- [DATA PROVIDED]
====

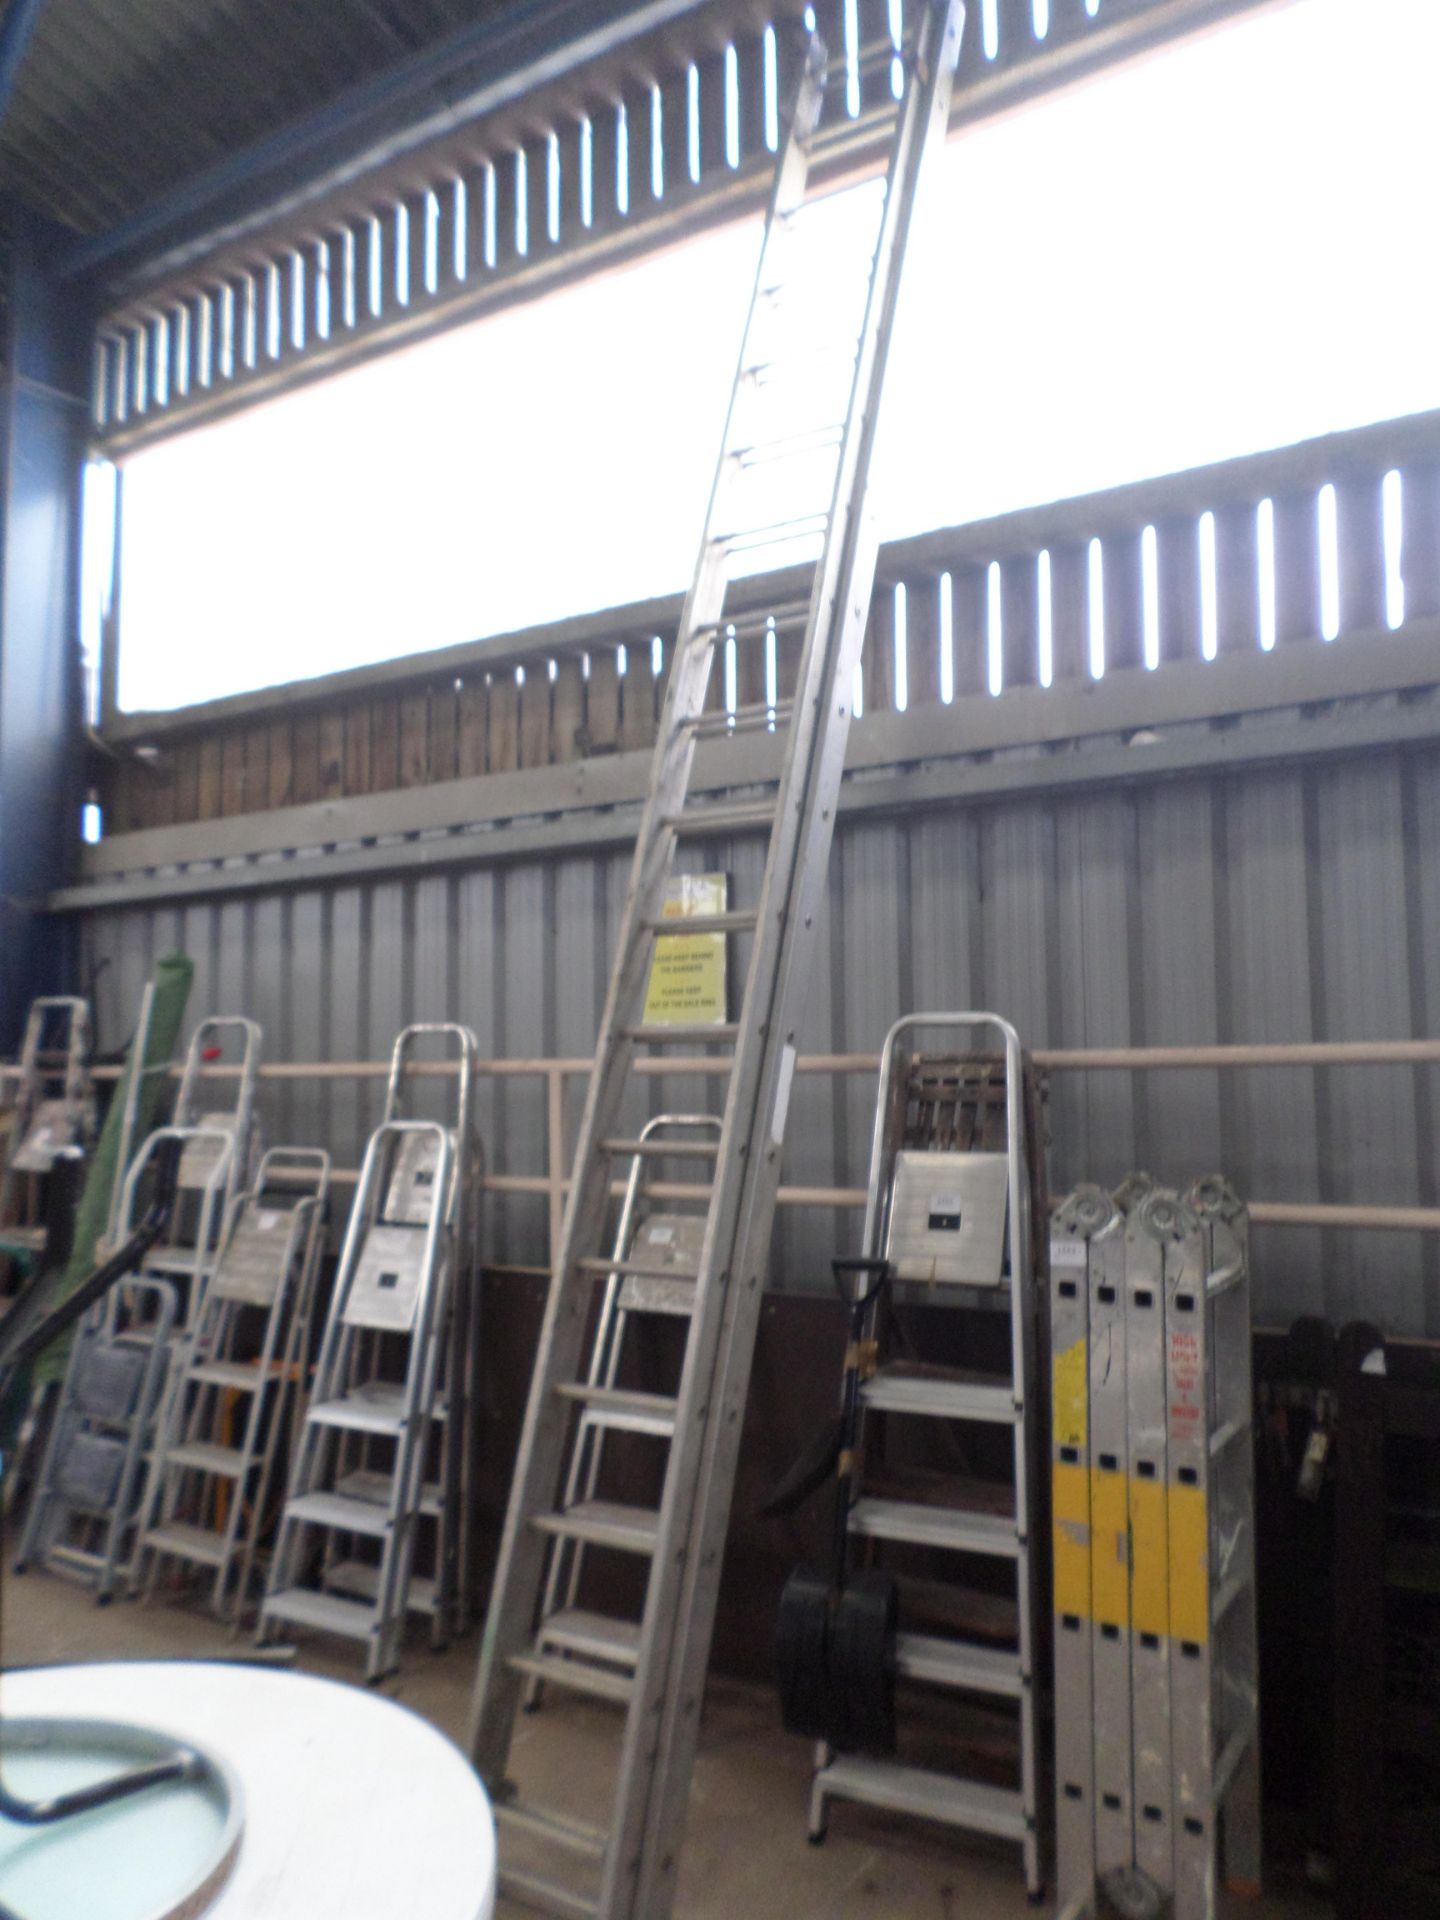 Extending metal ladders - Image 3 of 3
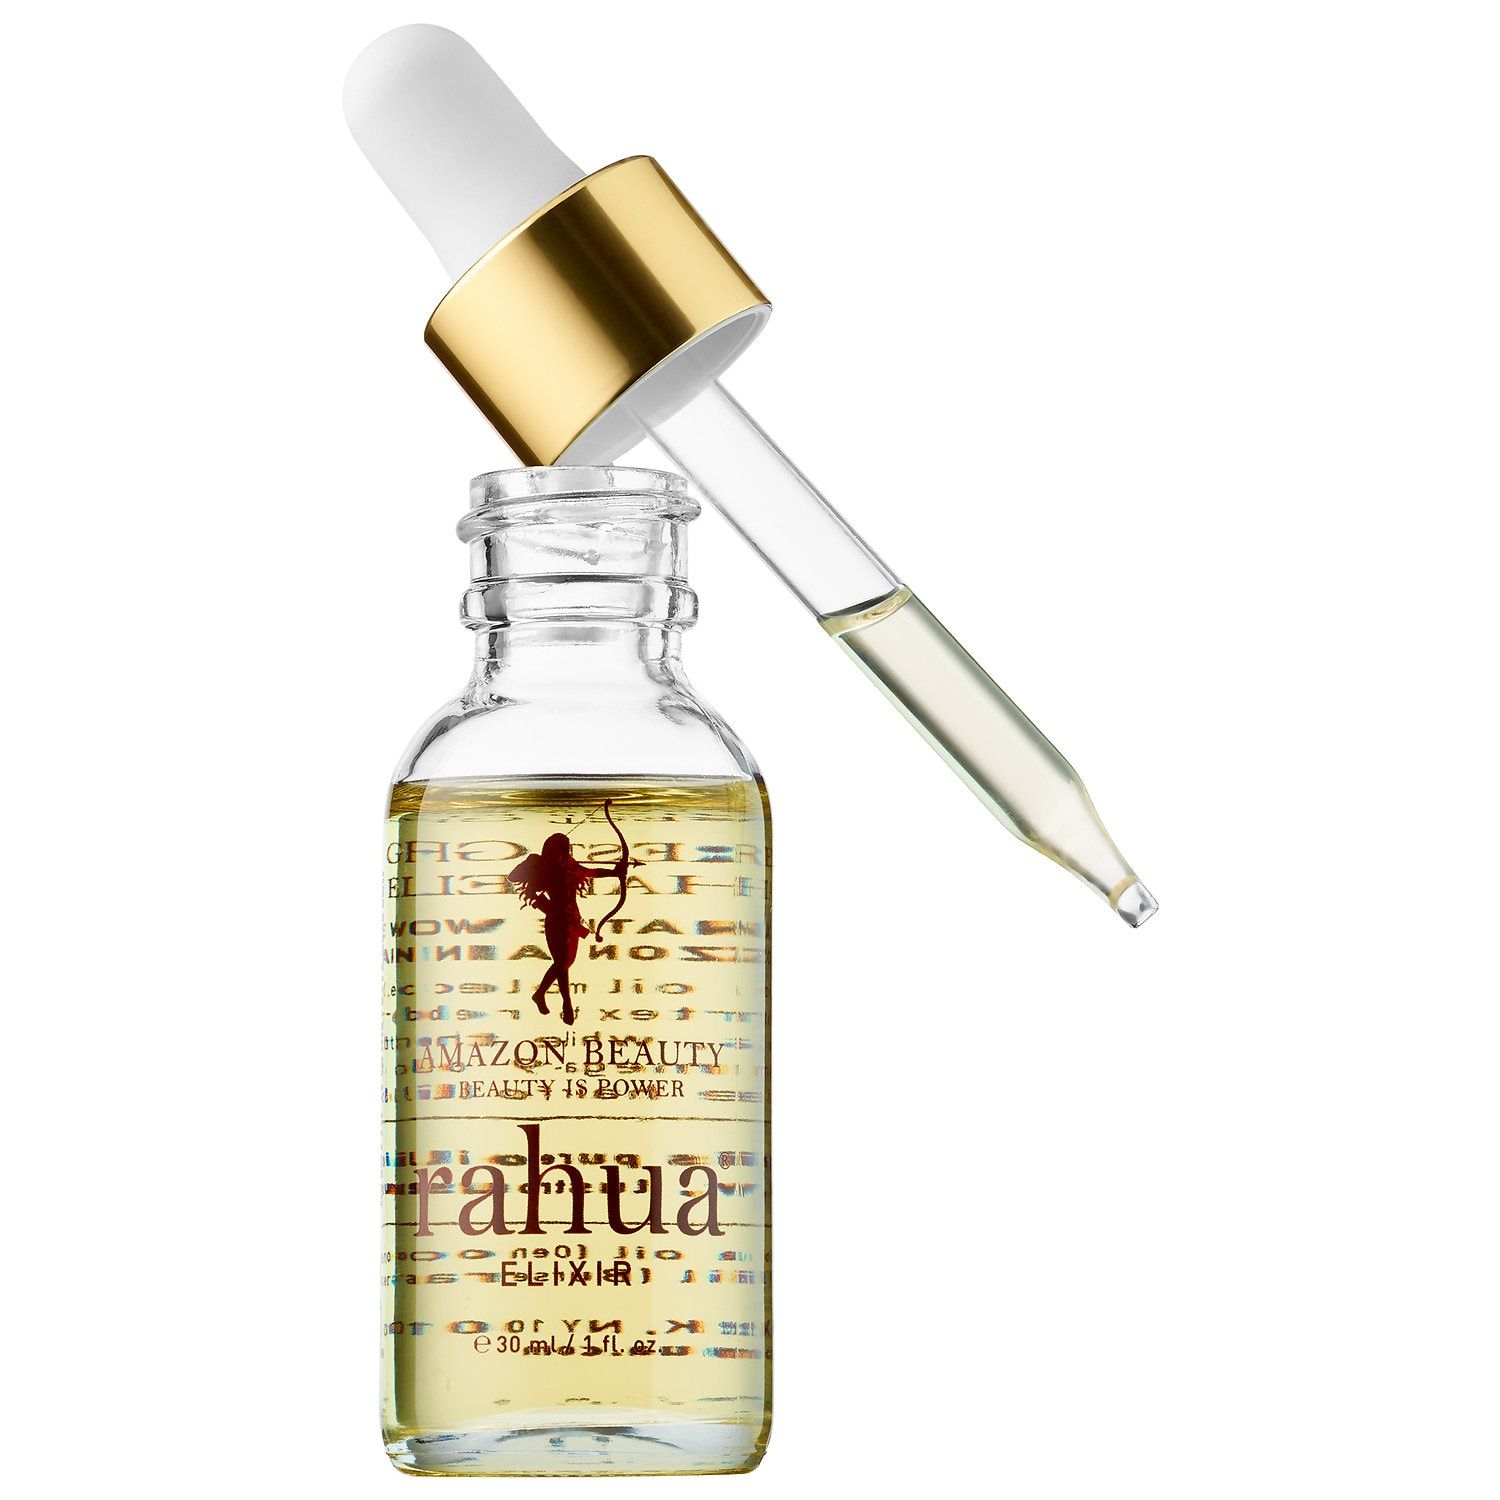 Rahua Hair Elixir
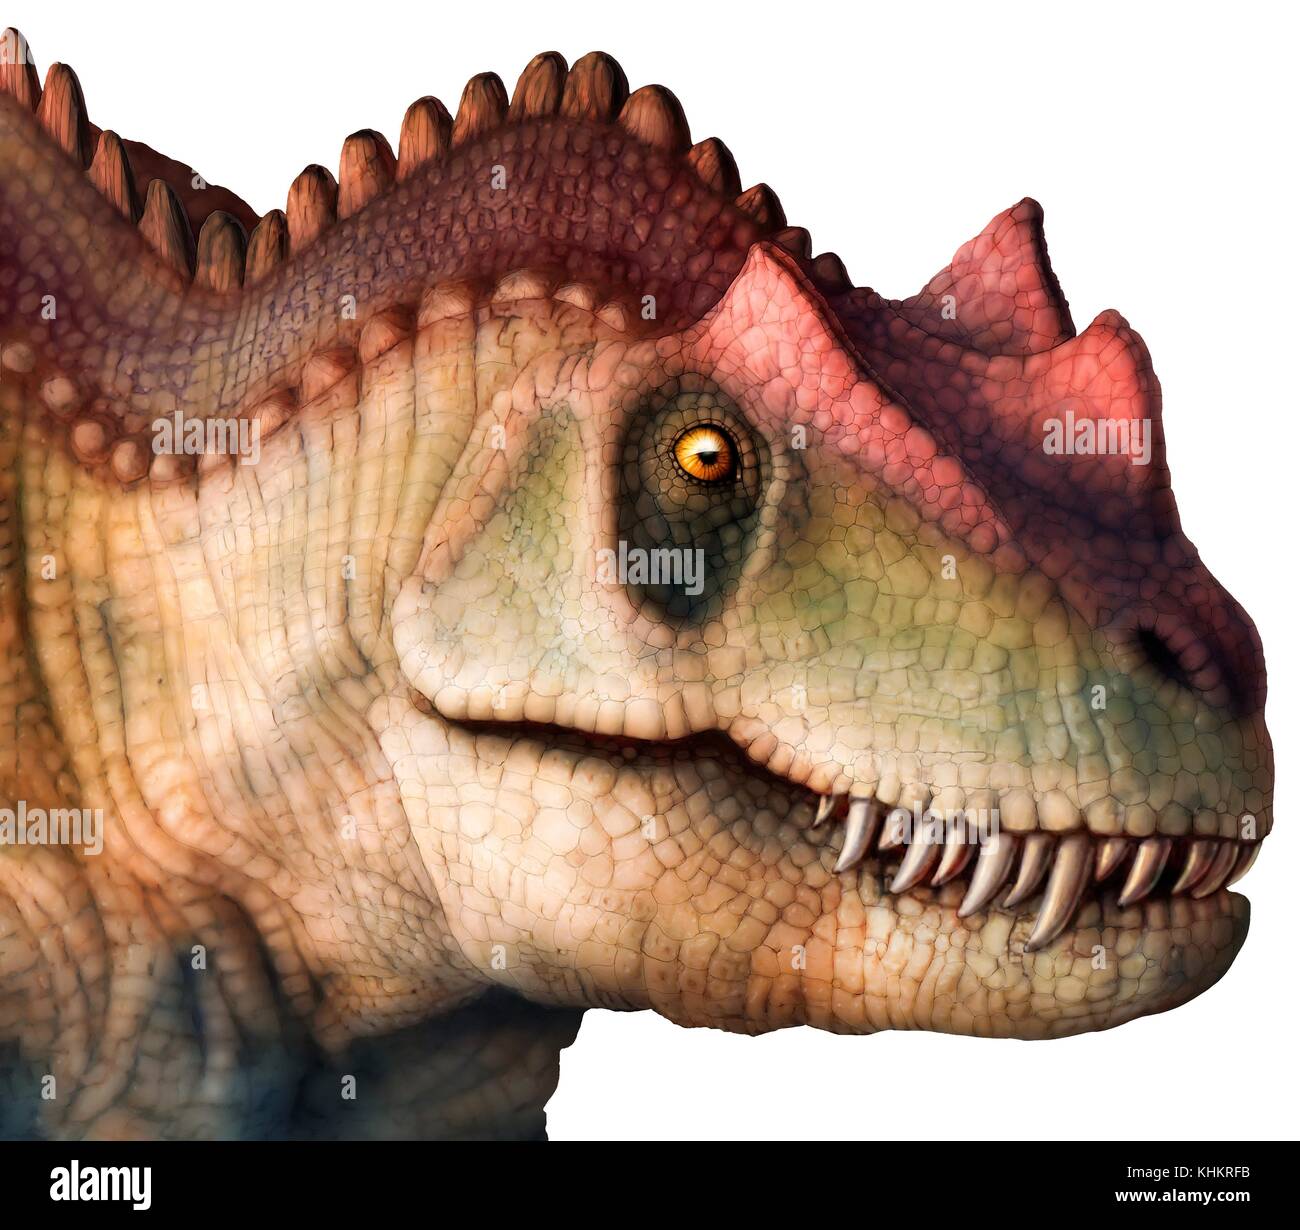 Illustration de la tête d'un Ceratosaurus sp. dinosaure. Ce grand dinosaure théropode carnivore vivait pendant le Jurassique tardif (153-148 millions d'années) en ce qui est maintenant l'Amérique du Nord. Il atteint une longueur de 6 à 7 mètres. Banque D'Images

====

- [WORK ORDER] Output the full listing verbatim; pictures stay out.

- [WRITTEN REPLY]
 Extending metal ladders - Image 3 of 3
 Rahua Hair Elixir
 Illustration de la tête d'un Ceratosaurus sp. dinosaure. Ce grand dinosaure théropode carnivore vivait pendant le Jurassique tardif (153-148 millions d'années) en ce qui est maintenant l'Amérique du Nord. Il atteint une longueur de 6 à 7 mètres. Banque D'Images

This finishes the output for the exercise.